For some inexplicable reason, I seem to be the only one in the family who has any concern about this roommate scenario. My son and his new roommate have each other’s email addresses, providing a perfect opportunity to exchanges pleasantries and get to know each other a little in advance.
They have exchanged exactly one email.
Evidently they are each satisfied that that the other is not a serial killer. Each appears perfectly happy to let the whole thing unfold unrehearsed and unplanned on move-in day.
Me? Not so happy.
And that now-familiar phrase in all Parent Information documentation about dorm move-in day that reads?
“We recognize that this is an important day for your student and for you. You are welcome to stay and visit for a while, but try to keep in mind that your student will want time on their own to make new friends, explore, get acquainted with a roommate, etc. We are looking forward to meeting you and your family!”
This also does not make me happy. It sure doesn’t sound like they’re looking forward to meeting me and my family! Sounds like they’re trying to get rid of as quickly as possible (oh, and my son too I guess)!
I just have a couple of questions for my son’s soon-to-be roommate … it won’t take long …
I suggested he complete these forms as soon as possible and return them to me along with the requested criminal background check.
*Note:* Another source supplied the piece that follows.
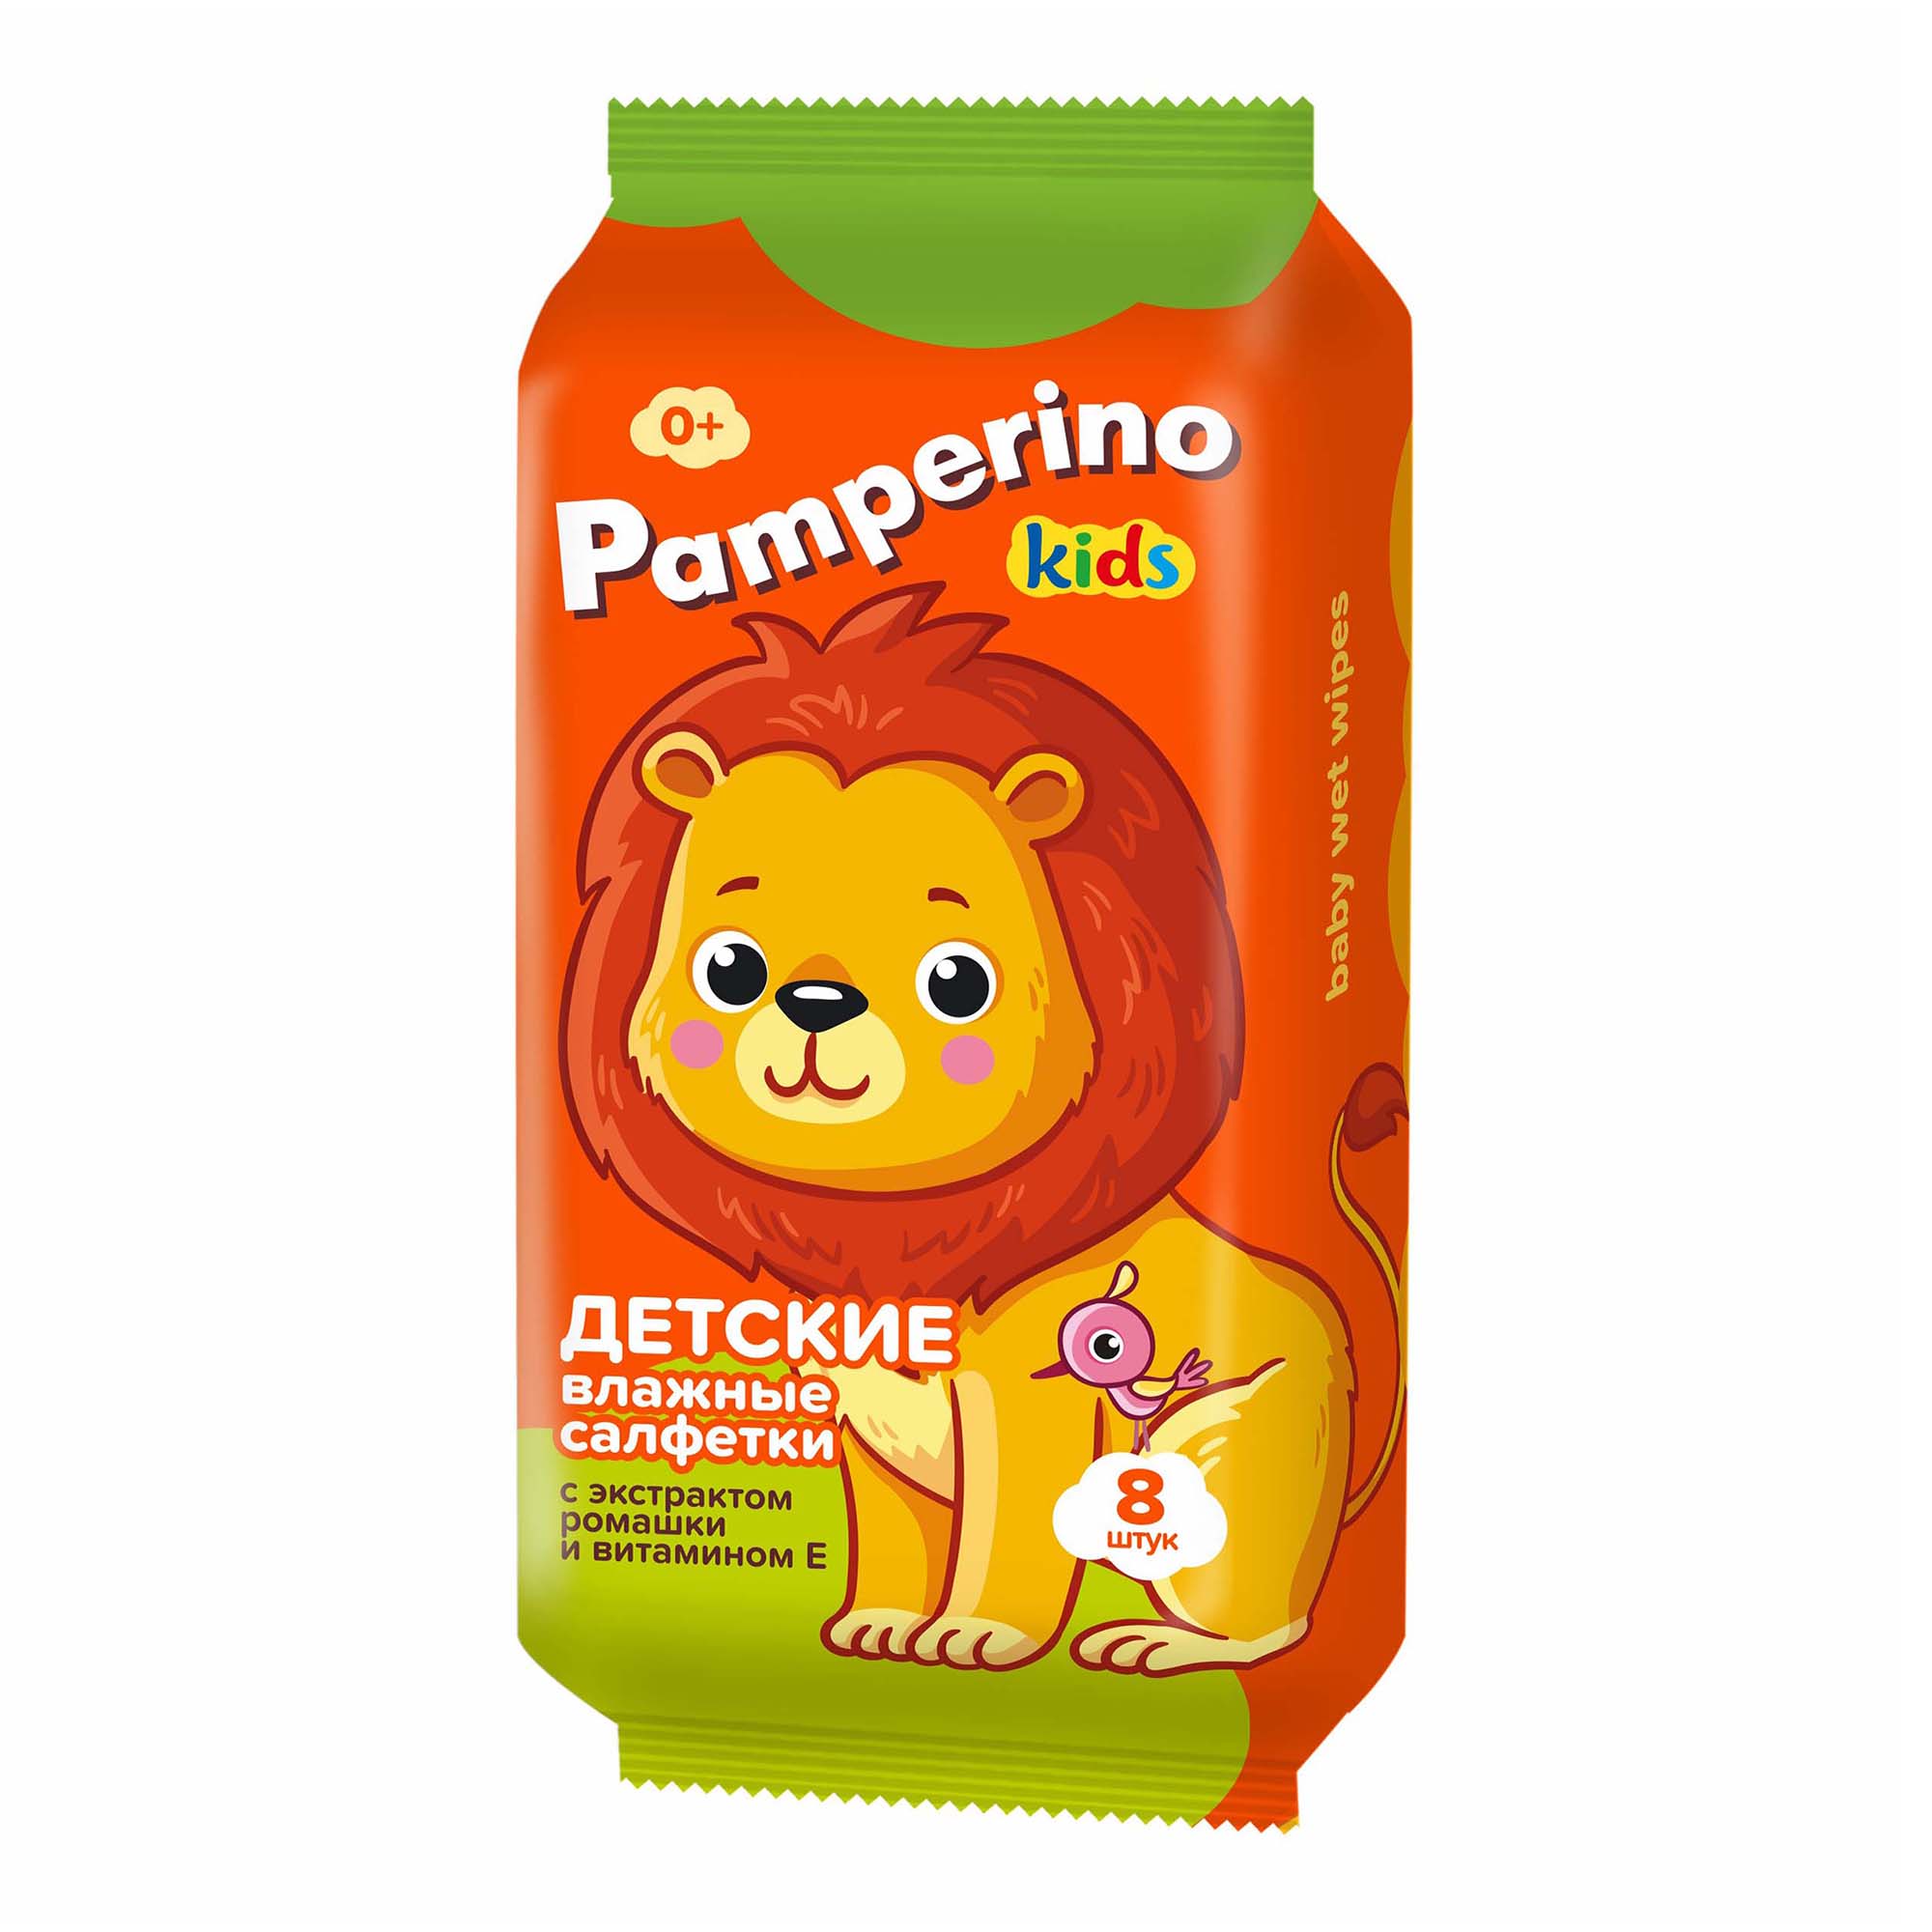 Салфетки влажные детские Pamperino mix New Kids с ромашкой и витамином Е 8 шт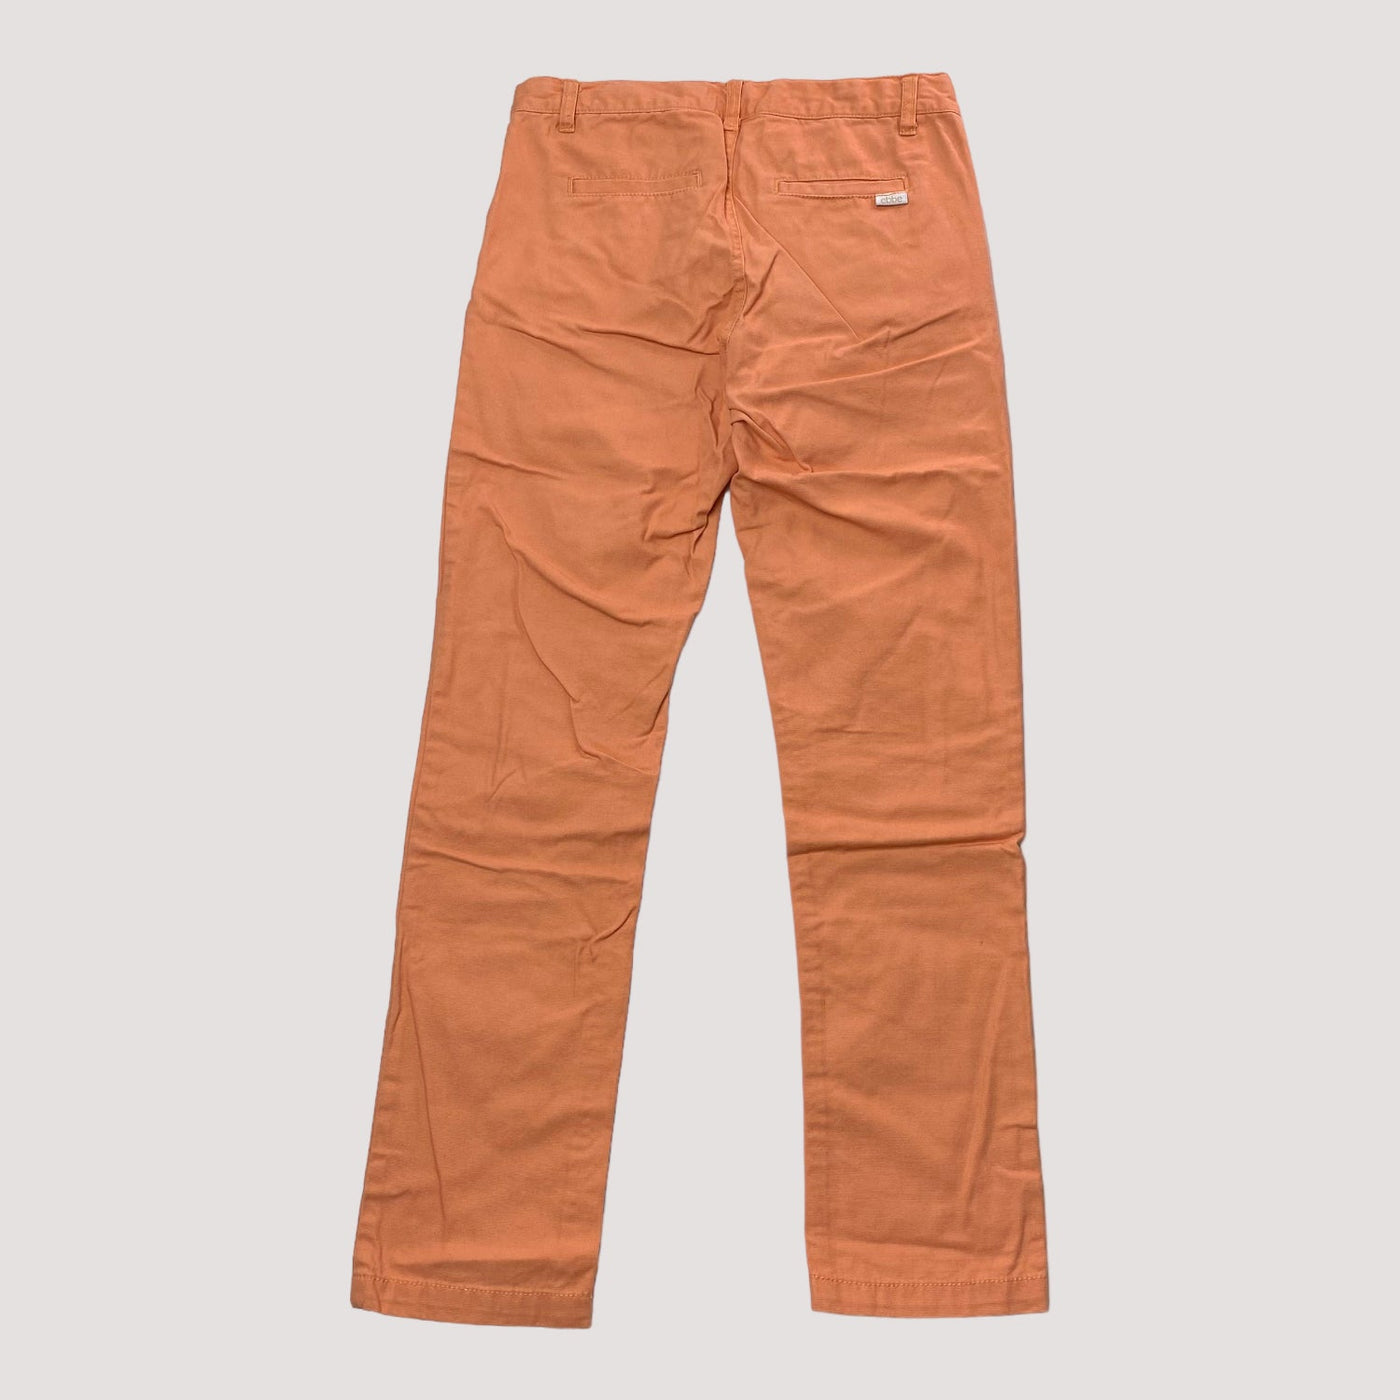 Ebbe cotton pants, coral | 152cm

I’ve also created a series of icebreaker games to play out on move-in day just to get the ball rolling. AND I invited a few of my close friends from the RCMP and CSIS to join us. Won’t that be fun?
Again for some inexplicable reason, it wasn’t University Housing that requested my prompt and immediate departure, it was my son. While he ushered me to the door, I made a couple of quick stops to make his bed, stock his frig and change the shower curtain, that’s all. His new roommate looked pretty happy I was leaving too. I’ve not heard back from him on any of those documents, however.
I bet I’m not getting my finger print scanner back either.